The European Telecommunications Standard Institute (ETSI), the prime facilitator of edge computing standardization, has identified a technical framework for Multi-access Edge Computing (MEC). Previously known as “Mobile Edge Computing”, ETSI restated MEC to include the term “Multi-access” to recognize that edge computing involves more than just cellular (mobile) systems and fact may be leveraged by WiFi, WiMAX, and other forms of wireless as well as wired networks.
While MEC is helpful for LTE, and absolutely necessary for some 5G applications, it brings with is new security concerns. Minimally, edge is another point of potential cyberattack by bad actors, and generally speaking, another node for telecom operations to manage physical security. Like centralized resources, the edge needs software to prevent hacking, malware, and denial of service attacks. By its very nature, however, the edge represents many distributed nodes throughout the network, which will cause difficulty in keeping software updated.
There are many potential use cases for AI within the cybersecurity domain. For example, AI may be used in IoT to bolster security, safeguard assets, and reduce fraud. There are varying opinions about security in IoT. For example, some companies favor a distributed (decentralized) approach whereas other companies believe a more centralized approach leveraging strictly centralized cloud architecture makes more sense.
Computing at the edge of IT and communications networks will require a different kind of intelligence.

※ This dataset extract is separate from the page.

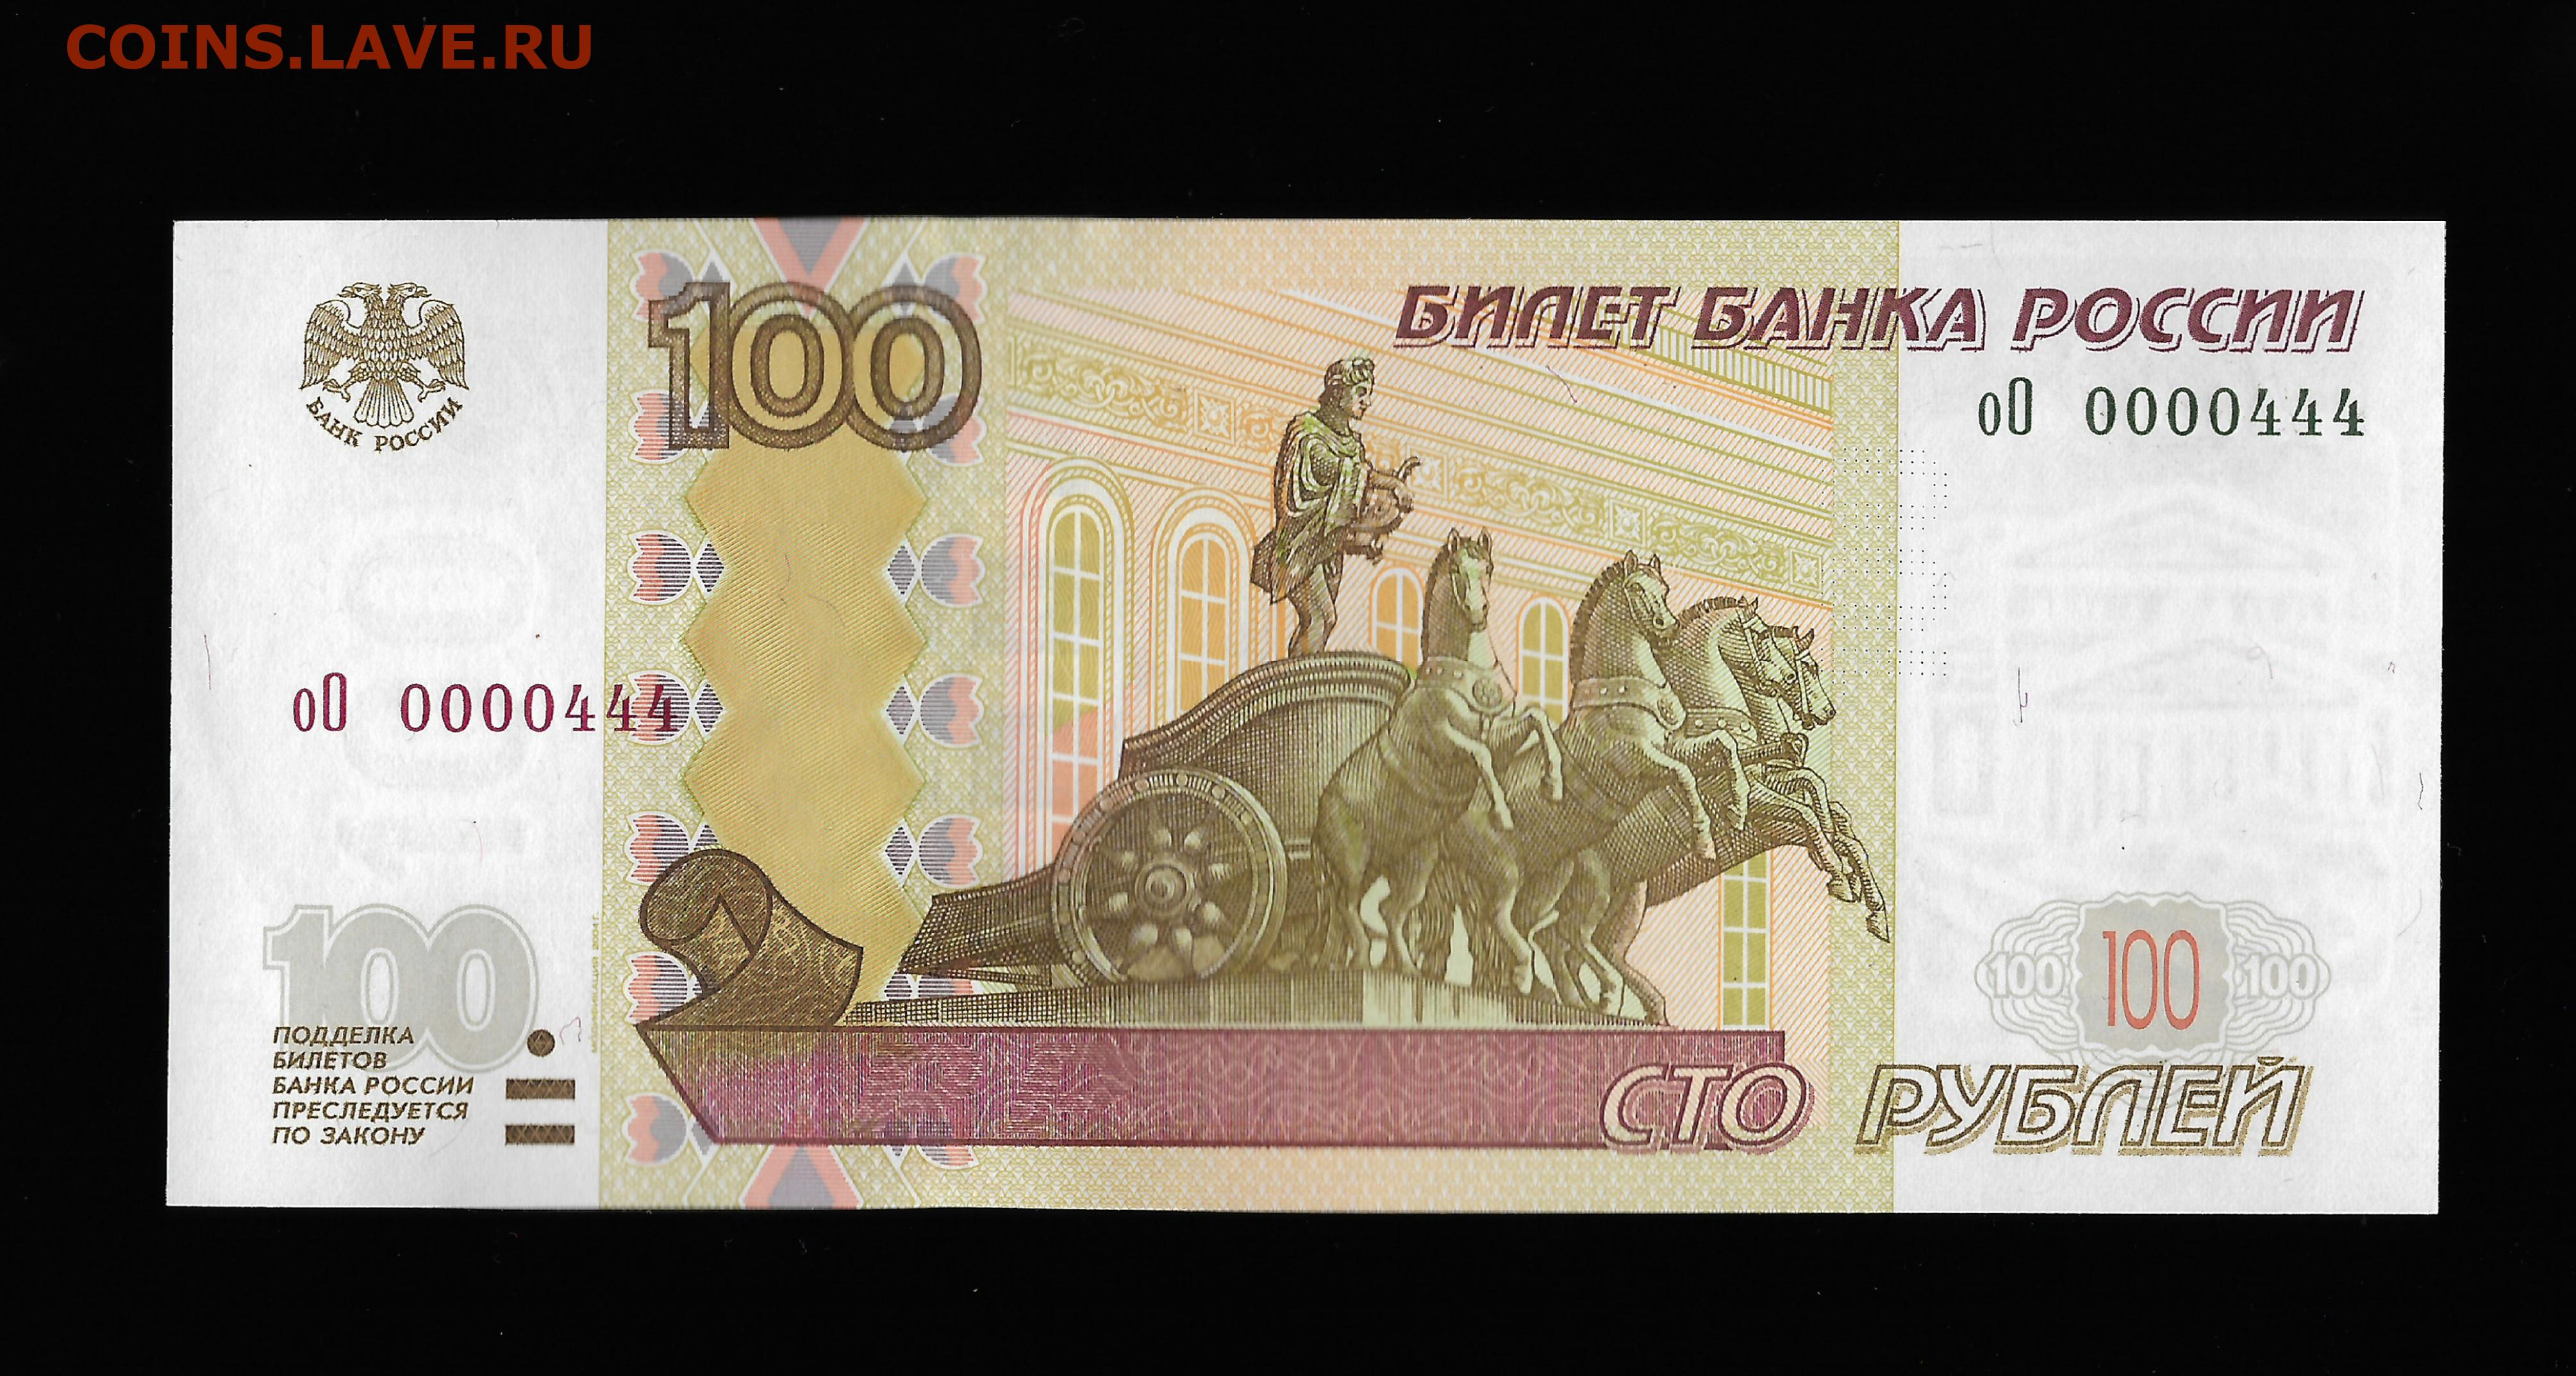 19 300 в рублях

AI will be required for both security (data and infrastructure) as well as to optimize the flow of information in the form of streaming data and the ability to optimize decision-making via real-time data analytics. (See Figure 3.)

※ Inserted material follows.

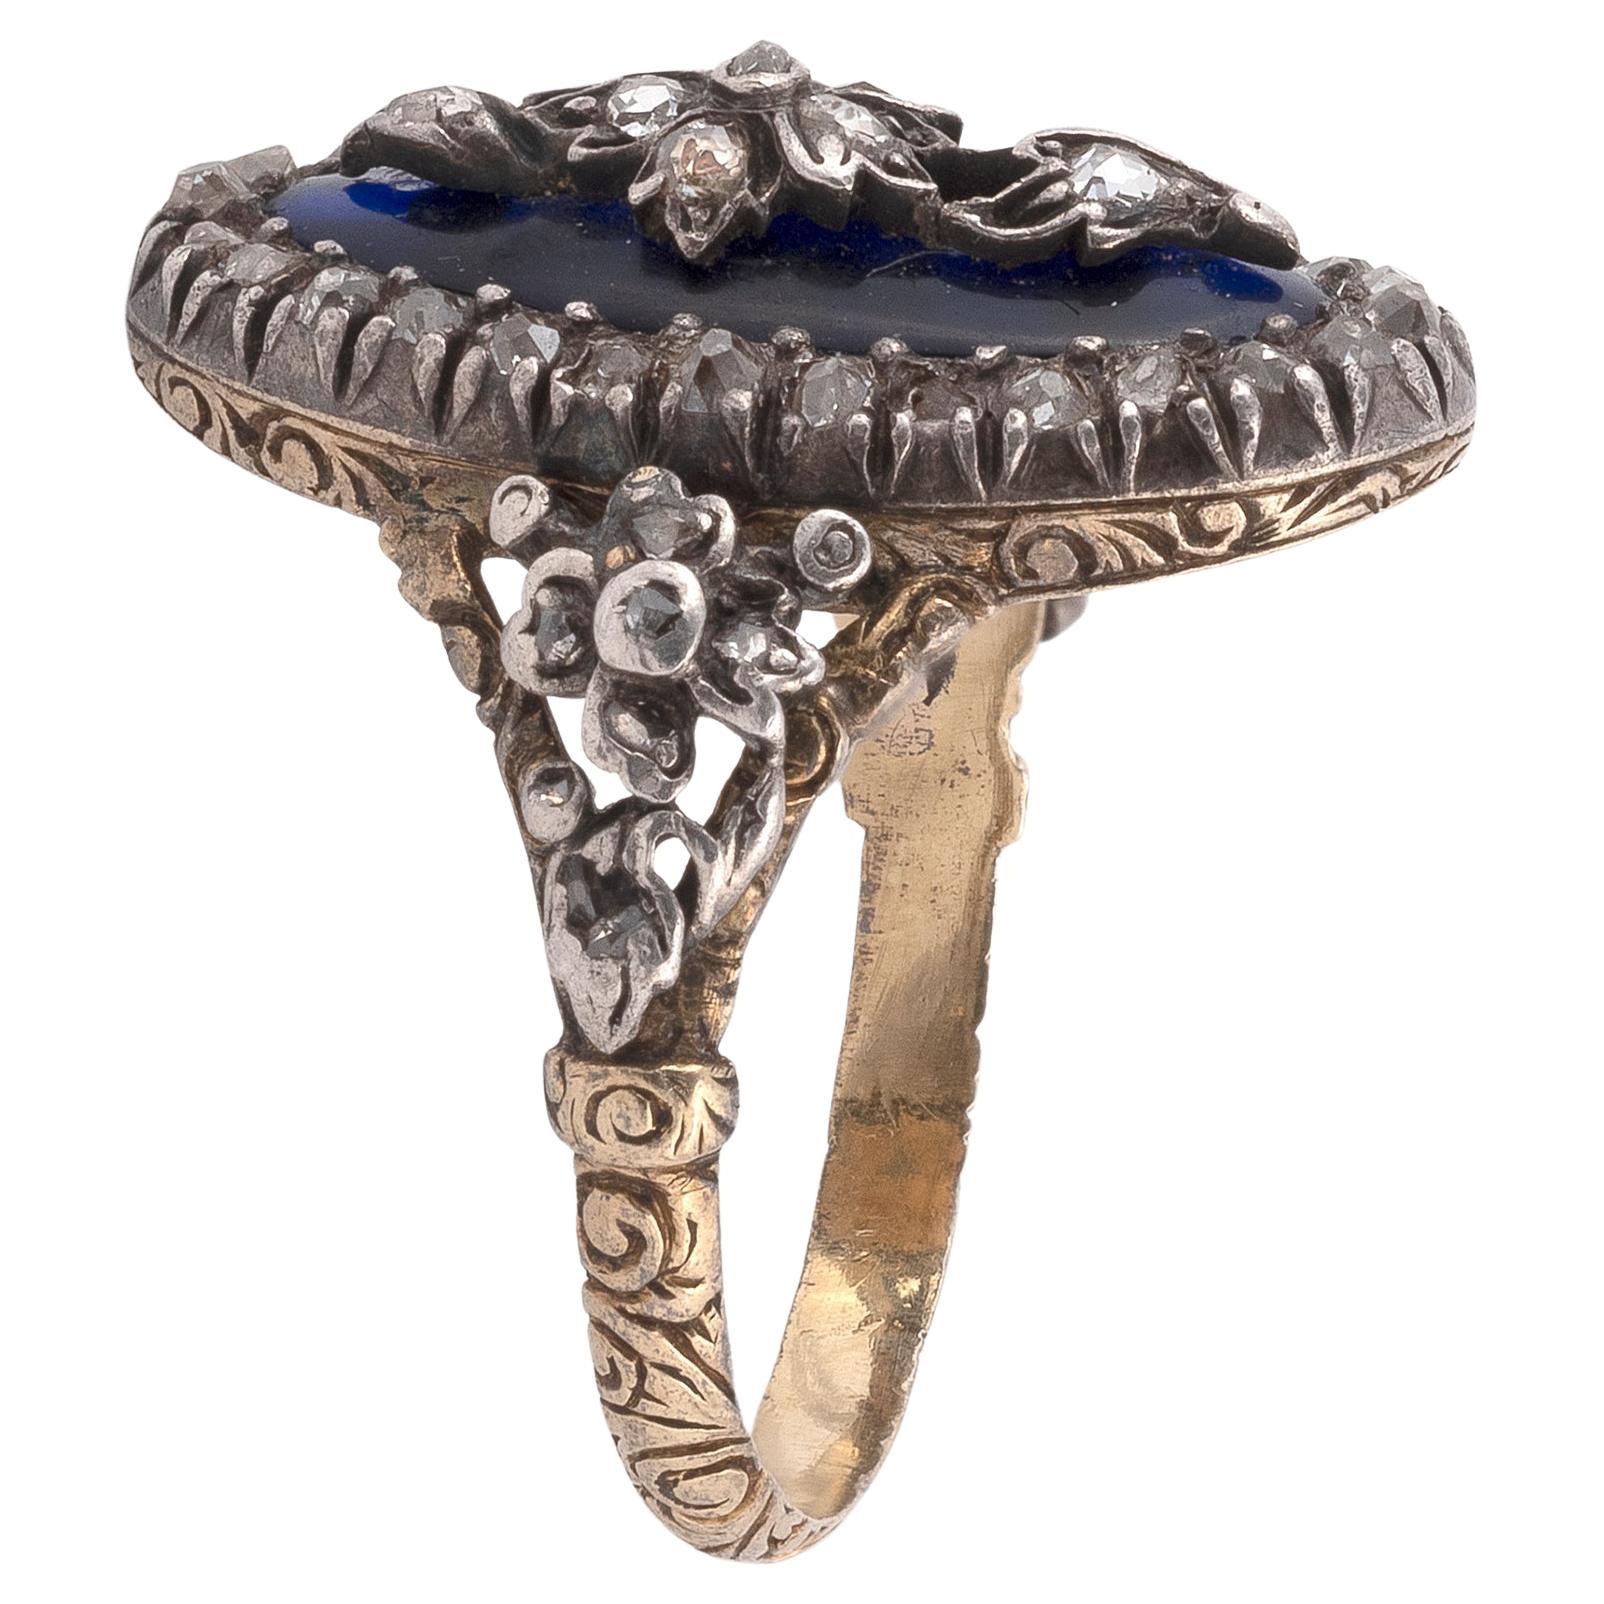 18th century rings

AI has various advantages including the fact that is a more lightweight application (because it does not require all the data that comes with tracking digital signatures/code for known viruses), more effective in identifying malware, easier and less costly to maintain as there is no need to constantly identify new malware code. This is all because AI-based security is looking for malicious behaviors rather than known malicious code.
Think Beyond Traditional Security
AI-based security assesses behaviors rather than scripts, such as determining what the likely outcome would be of allowing data access and/or requests for control that would potentially impact the overall system in a harmful manner. AI-based security will be required as edge computing systems are inherently resource constrained (compared to centralized computing systems) including storage. This means that there could be an issue with storing large malware signature files. More likely, the biggest issue would be the desire to not bog down distributed computing systems with frequent security updates associated with traditional cybersecurity (e.g., updating the signature files for new threats).
As edge computing grows in importance, so will the market to protect edge nodes, data, and access to networks. Accordingly, the total global cybersecurity associated with edge networks and equipment will reach nearly $72B USD by 2024.
Rather than concentrate solely upon traditional forms of cybersecurity, risk management is a more comprehensive approach, taking into account security, privacy, and decision-making.
The beauty and the curse of AI is that it will act autonomously. However, the type of autonomic action that AI takes will not always be in the best interest of the individual. Stated differently, AI may help automate things, make things faster, more efficient, and more effective, but the question remains: At what cost? It may be in the collective best interest of society for AI to place priority upon preserving the life of students in a school bus, but it may be at the expense of an individual riding a motorcycle.
One of the things that Mind Commerce has advocated at the personal/individual level is a Personal AI, which represents software, platform, and/or systems (etc.) that are under complete control of the individual. This Personal AI would act as a form of AI Mediator, providing checks and balances against autonomous AI, which may be embedded in many unseen systems and processes. (See Figure 4.)
AI is undergoing a transformation from silo implementations to a utility function across many industry verticals as a form of general purpose AI capability. This capability is becoming embedded and/or associated with many applications, services, products, and solutions. Mind Commerce sees AI innovation in a variety of areas including personalized AI to both support and protect end users.
AI is both a blessing and a curse, leading to concerns about false positives with autonomous decisions
AI has the potential to directly and/or indirectly cause manifold adverse impacts on both humans and things (e.g., IoT). Therefore, creation of a virtual safety net will be crucial in future AI systems, especially with general purpose artificial intelligence. The concern is that AI will cause unintended consequences that could be mitigated with an AI Watcher function as part of Personal AI.
More to Come
Mind Commerce sees the AI segment as currently very fragmented, characterized with most companies focusing on a silo approaches to solutions. Accordingly, there is a need to take a more integrated approach with general purpose AI and a view towards risk mitigation as a whole rather than merely focus on traditional cybersecurity.
[toggle title=”Personal AI Watcher?” load=”hide”]Mind Commerce also sees integration of the Personal AI Watcher function within many consumer products and services. For example, the below diagram depicts use of the Personal AI Watcher function within a Connected Vehicle.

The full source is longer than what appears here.